When you look at other people's code, an unexpectedly discovered a standard library (I don't know if there is any mention in the standard committee's C Standard lib.core issu file, whether it) is like this, the code is as follows: struct x {}; Ostream & Operator << (Ostream & Out, X & X / * bad habits * /) {^^^^ ---- # 1 non-const reference ... return out;} void use11 () {Vector
v; v.push_back (x ()); copy (v.begin (), v.end (), Ostream_IstRerator
(cout, "/ n"))))); // Compiling errors! } void use2 () {x x; cout << x;
}
According to semantics, USE1 and USE2 should be compiled, but the fact is that USE1 cannot be compiled.
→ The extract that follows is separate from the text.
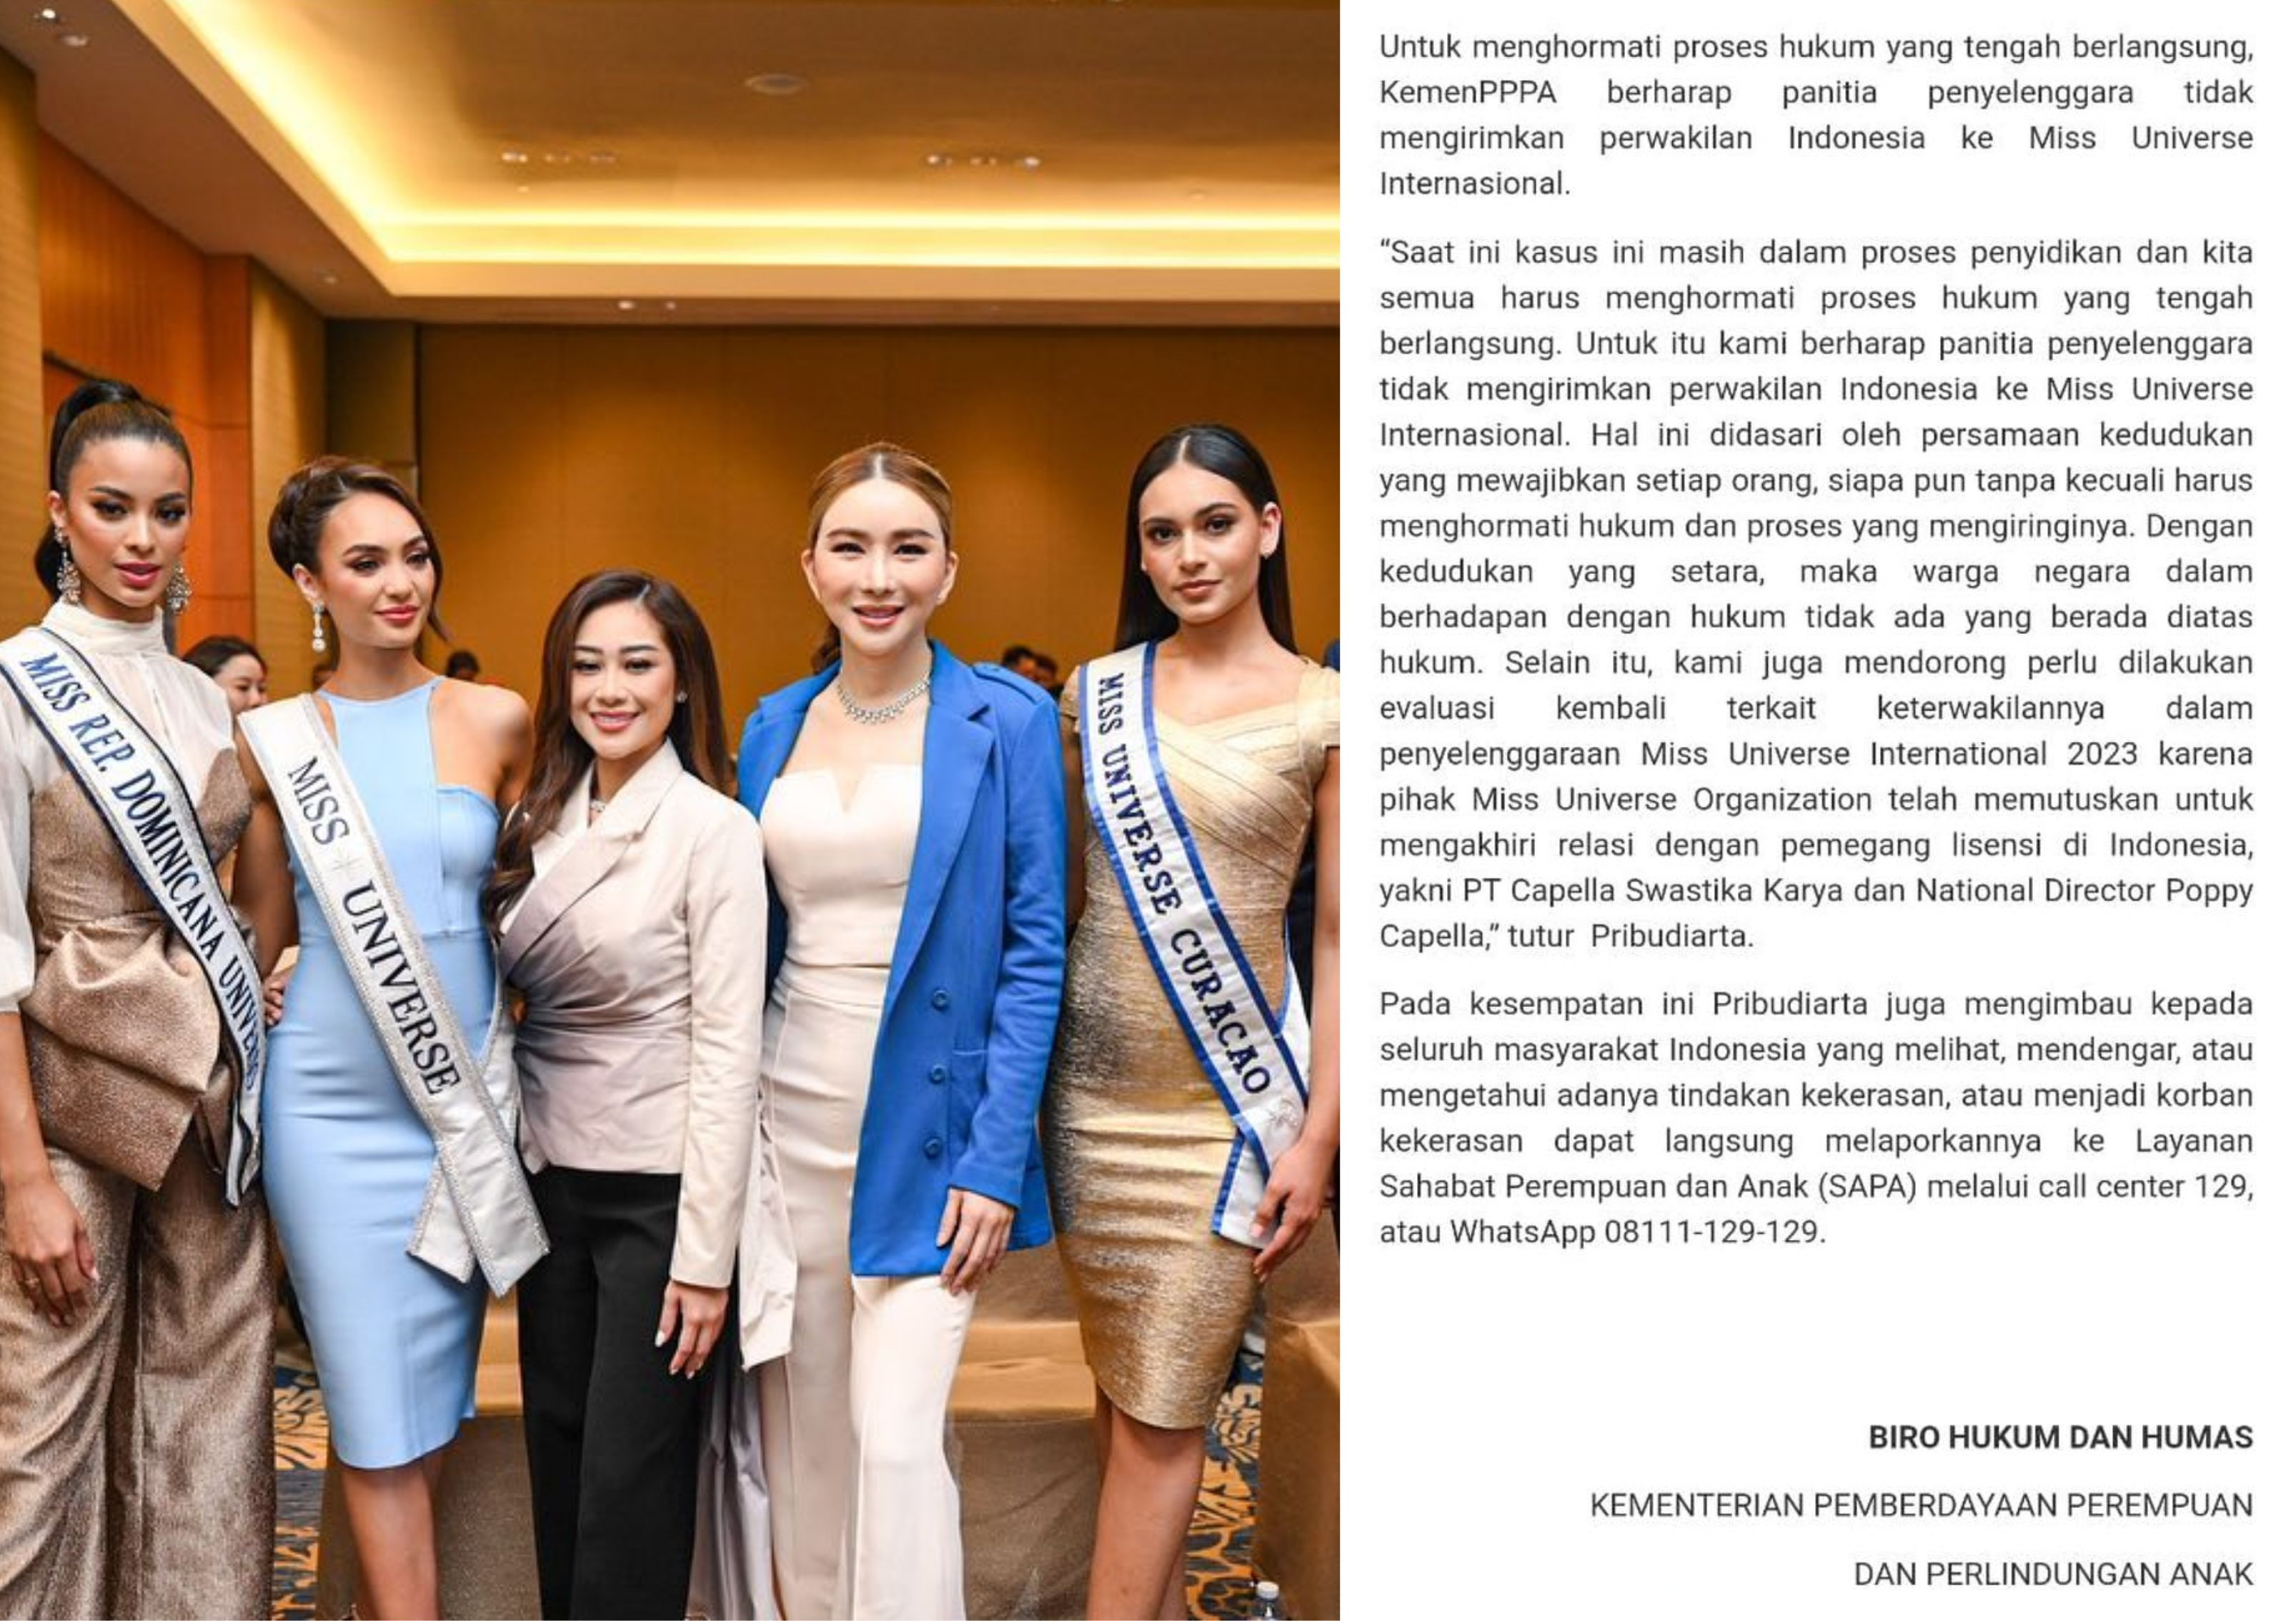 Giải trí - Indonesia yêu cầu không cử thí sinh thi Miss Universe 2023
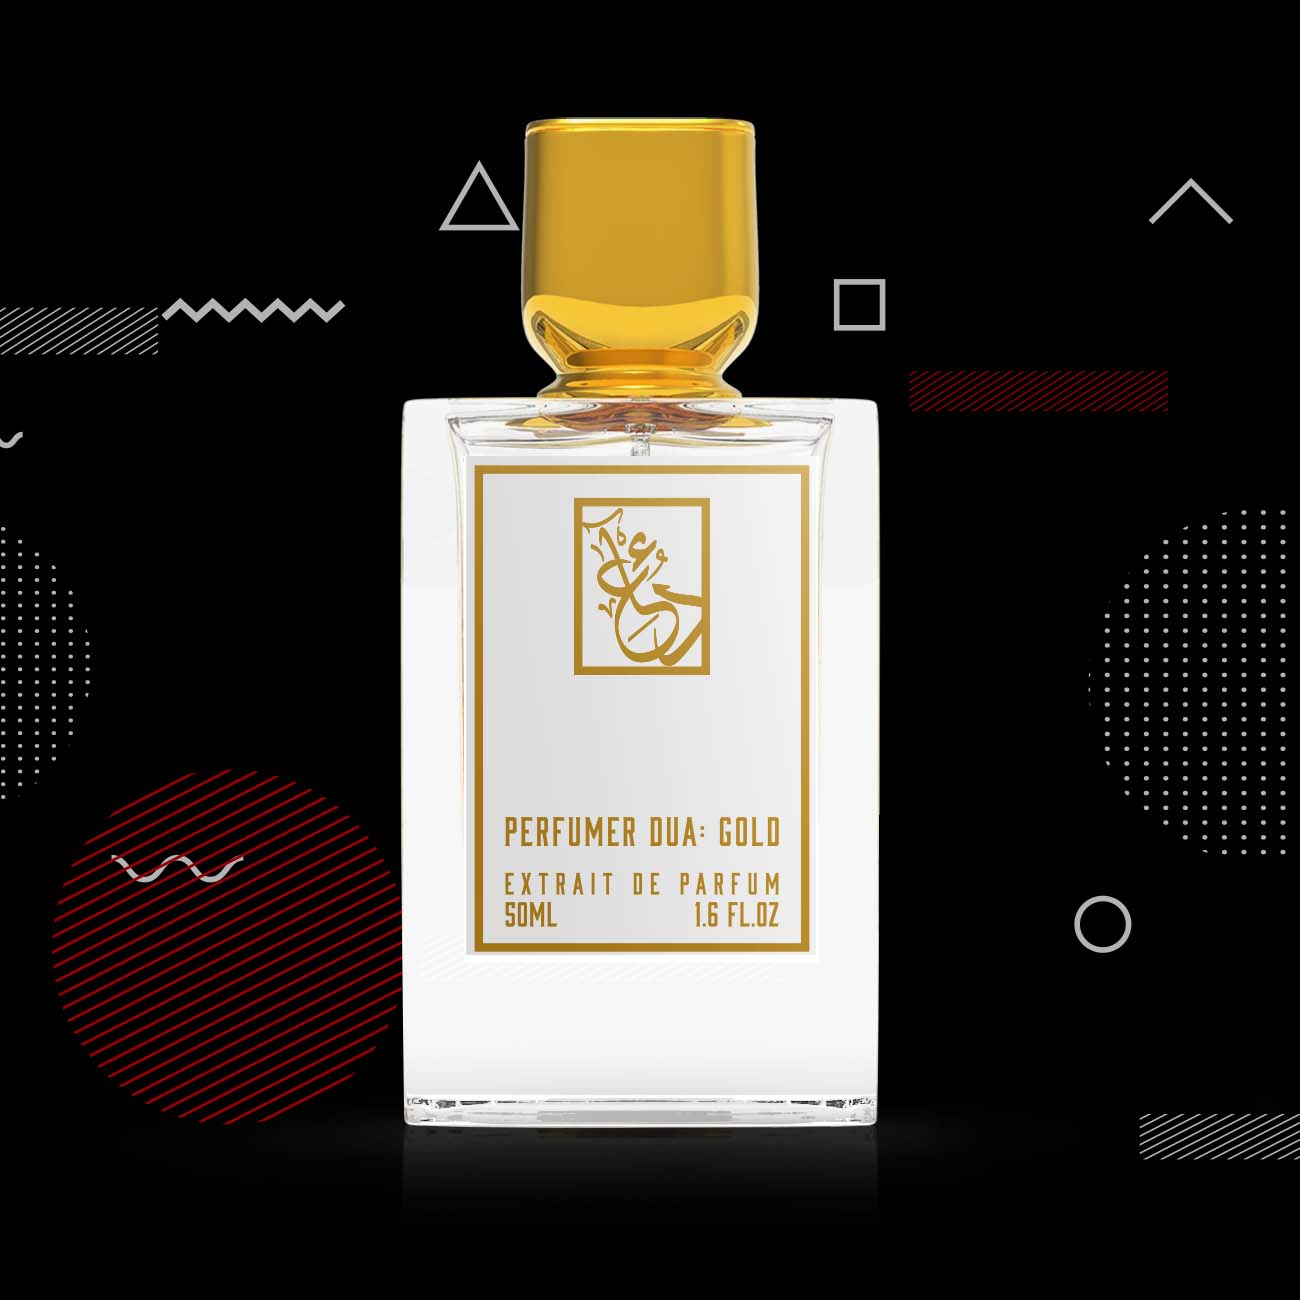 Perfumer Dua: Gold

The reason is # 1, if X & Change is changed to X Const & Everything is good. Why is it? Look at the definition of ostream_iterator: one of the members is such ostream_iterator & operator = (const _tp & __value) {^^^^^^^^^^^^^^^^^^^^^^^^^^^^^^^^^^^^^^^^^^^^^^^^^^^^^^^^^^^^^^^^^^^^^^^^^^^^^^^^^^^^^^^^^^^^^^^^^^^^^^^^^^^^^^^^^^^^^^^^^^^^^^^ ; // should go to the user's overloaded Operator << to ...} The top of the example (...) each iterates further to call this function, give the iterator point to the value, then This function is: * _ m_stream << __Value; actually equivalent to cout << __ value, output this value, is it wrong? Look at the type of parameter __value, is Const &, and the Operator << we overloaded only accepts the non-const reference, so you can't find a match. The key here is that the member Operator Operator Operator Operator Operator = for its parameters, the semantic-constine, regardless of whether it is Const.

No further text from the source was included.